Ships From the West: The Monarchies
of God Book Five
(Gollancz, £17.99, 296 pages, hardback, published 5 December
2002. Gollancz, £6.99, 296 pages, paperback edition published 8 May
Seventeen years after the end of the bloody Merduk Wars, the continent
of Normannia stands on the brink of a brutal and climactic
conflict. At the heart of the land the Himerian Church has metamophosed
into a theological dictatorship, The Second Empire. Here, the mysterious
magus, Aruan has taken up the role of Vicar-General of the Inceptine
Order, and controls its legions of Knights Militant and horrific army
of Werewolves. With a virtual monopoly of magical power, he is set at
last to embark on the final conquest of the remaining independent nations.
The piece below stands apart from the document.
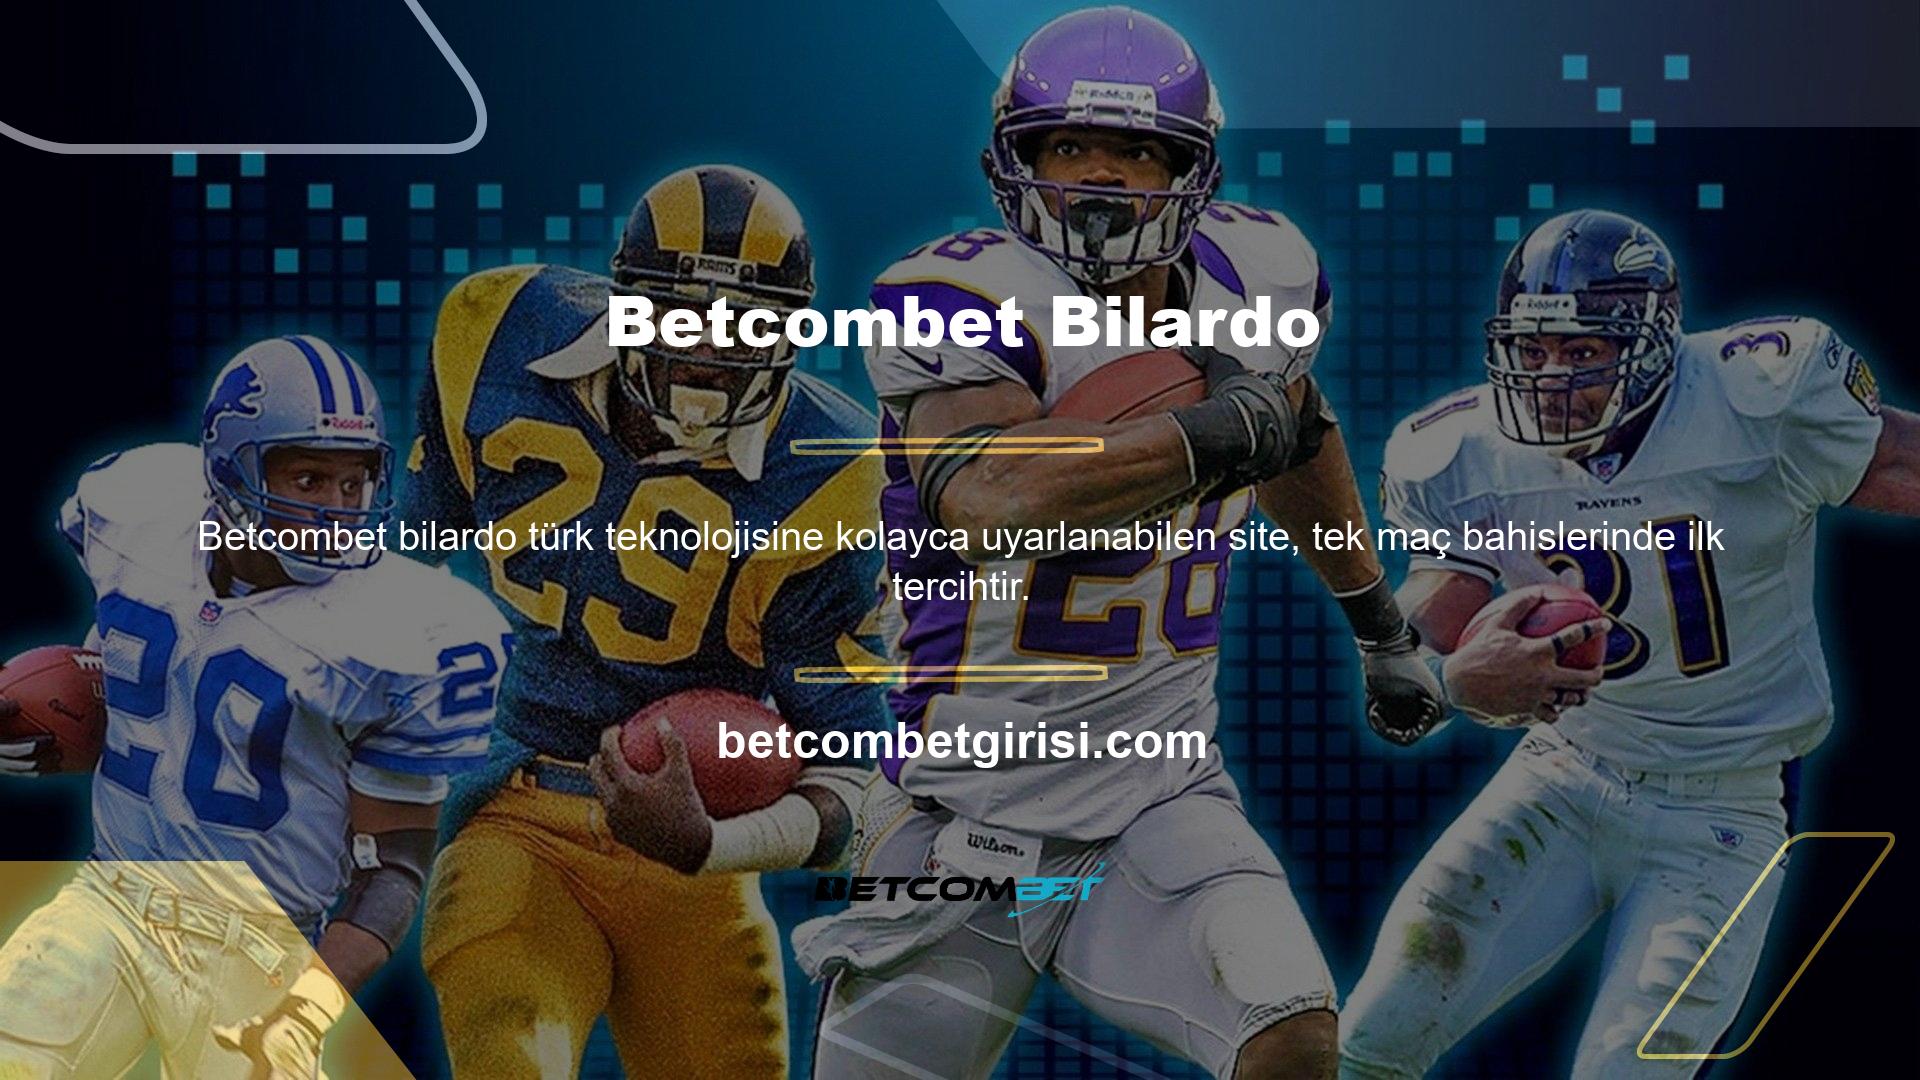 Betcombet, tüm gereksinimleri karşılayan kapsamlı bir casino sitesidir

In opposition to Aruan principally stands Hebrion, in the far west,
and Torunna, in the east. Each is ruled by a charismatic warrior king,
and each has spent years preparing armies and fleets to meet the coming
need, but both are far more dependent on cold steel and gunpowder than
magic, and must fight at great distances from each other, with little
opportunity to lend effective aid. Their sole new advantage is the unlikely
alliance that has blossomed between Torunna and its old enemy, the Merduk
realm of Ostrabar.
Within this fraught arena, Kearney deploys his cast of well-established
characters, and again displays his striking ability to construct intricate,
suspenseful plots and write sharp, compelling battle scenes.
The book is brisk and vivid, and as ever full of surprises and painful
reversals. People don't just die in Kearney's novels, they die badly,
with a credible but not overwhelming edge of realistic pain and squalor.
Once again, then, we watch as Kings Abeleyn of Hebrion and Corfe of
Torunna, the Mage Golophin, the master-mariner Richard Hawkwood, race
against time and unpleasant odds to save their world, and their lives
(a race they don't all win...).
In choosing to commence this novel seventeen years after the conclusion
of the last in the sequence, Kearney has departed from his previous
practice, where each novel picked up quickly from where the last took
off. The intervening years are reduced to ocassional asides or commentaries,
but this is handled deftly, with a careful balance between detail and
pace, so that the reader is informed about past developments, without
getting bogged down. Certainly there would have been enough incident
in the intervening period to merit another novel, but Kearney has made
a good job of bridging the gap, and the story does not suffer unduly.
More surprisingly, however, is the fact that the story as a whole draws
to a final conclusion by the end of this volume. Only in the last fifty
pages or so does this seem inevitable. Prior to that one could clearly
see the potential, in a half dozen unresolved situations, for another
good sized book, at least! Here then, the story feels not rushed, but
certainly compressed. A longer, more suspenseful account of several
elements that have been reduced to quick sketches, might well have been
written, and would have been doubly satisfying to Kearney's enthusiastic
Regardless of this, the story still satisfies. Kearney's characters
are compulsively interesting in their striving, struggling, and (all
too often) dying. In places the tale canters briskly along, in others
it gallops! As a final verdict one can only say that if the story leaves
the reader hungry for more of the same, then the author has done a very
fine job indeed.
Review by Simeon Shoul.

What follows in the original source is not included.